Key Innovation: Combines multistable restoring force, quasi-harmonic behavior, and inerter-based mass amplification to broaden earthquake response mitigation.
27. Exploring the performance of a nonlinear bi-modal tuned mass damper under seismic excitation
Core Problem: Buildings subjected to bidirectional earthquakes require damping devices that remain effective across wider frequency bands than classical tuned mass dampers.
Key Innovation: Derives and evaluates a nonlinear bi-modal tuned mass damper using friction and viscous damping formulations under multiple earthquake records.
28. Analytical and PML-based solutions for 3D wave propagation in a liquid layer over an exponentially graded transversely isotropic medium
Core Problem: Layered fluid-solid systems complicate wave propagation and absorbing-boundary treatment in seismic and offshore geotechnical analysis.

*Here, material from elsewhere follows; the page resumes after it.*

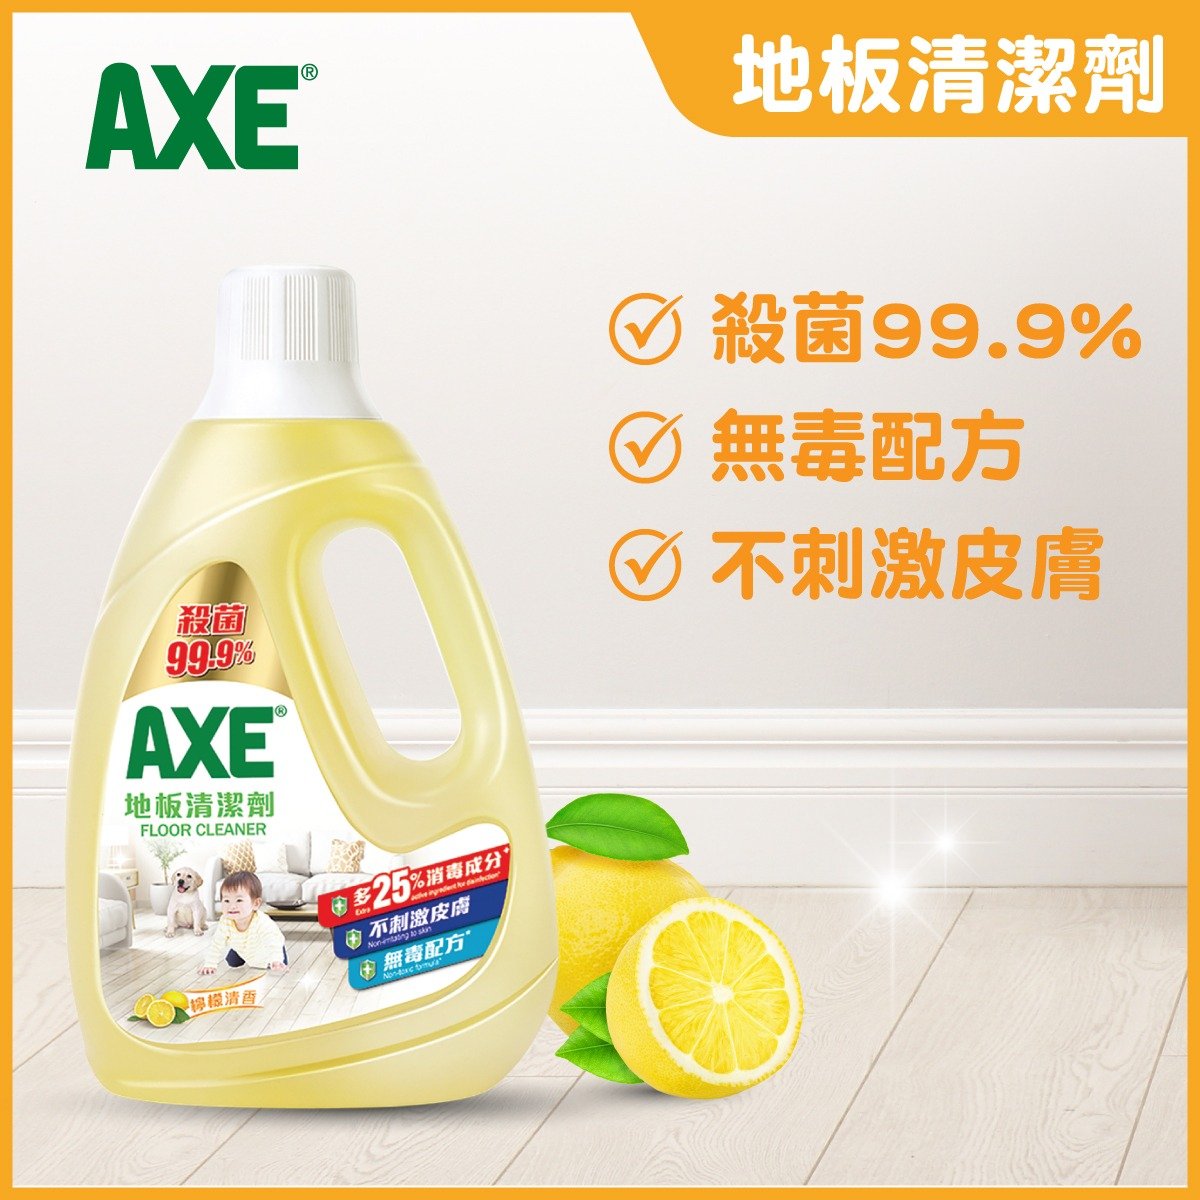 高效二合一地板清潔劑 - 檸檬香味 (新舊包裝隨機發送)
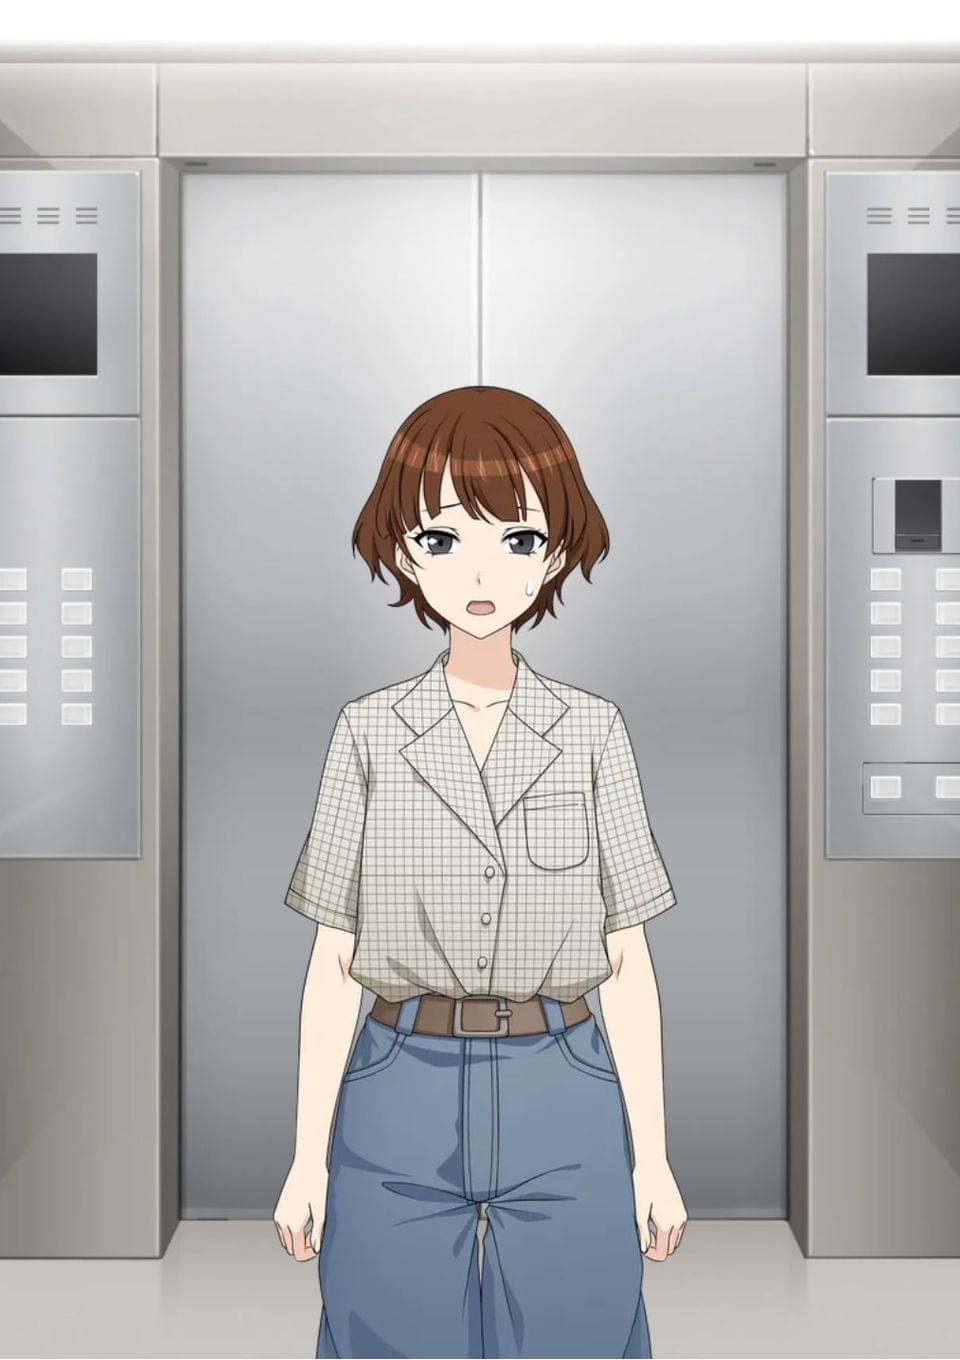 密室のエレベーター内で育まれるものとは？

Key Innovation: Derives analytical and PML-based solutions for 3D wave propagation in a liquid layer over an exponentially graded transversely isotropic medium.
29. Influences of rainfall, river discharge and land use on groundwater quality in the Cauvery River Delta, southern India: Implications on agricultural production and sustainability
Core Problem: Deltaic groundwater quality is shaped by rainfall, river discharge, and land-use change, with direct implications for agricultural sustainability.
Key Innovation: Combines long-term hydrometeorological and land-use datasets with hydrochemical analyses to diagnose groundwater-quality dynamics in the Cauvery River Delta.
30. Integrated geophysical investigation of a contaminated abandoned industrial site validated by borehole sample analysis: A case study in northeastern Shanghai, China
Core Problem: Compound contamination in soft-soil industrial sites is difficult to characterize with isolated boreholes or single geophysical methods.
Key Innovation: Integrates electromagnetic geophysical surveys with borehole validation to refine subsurface contamination assessment in northeastern Shanghai.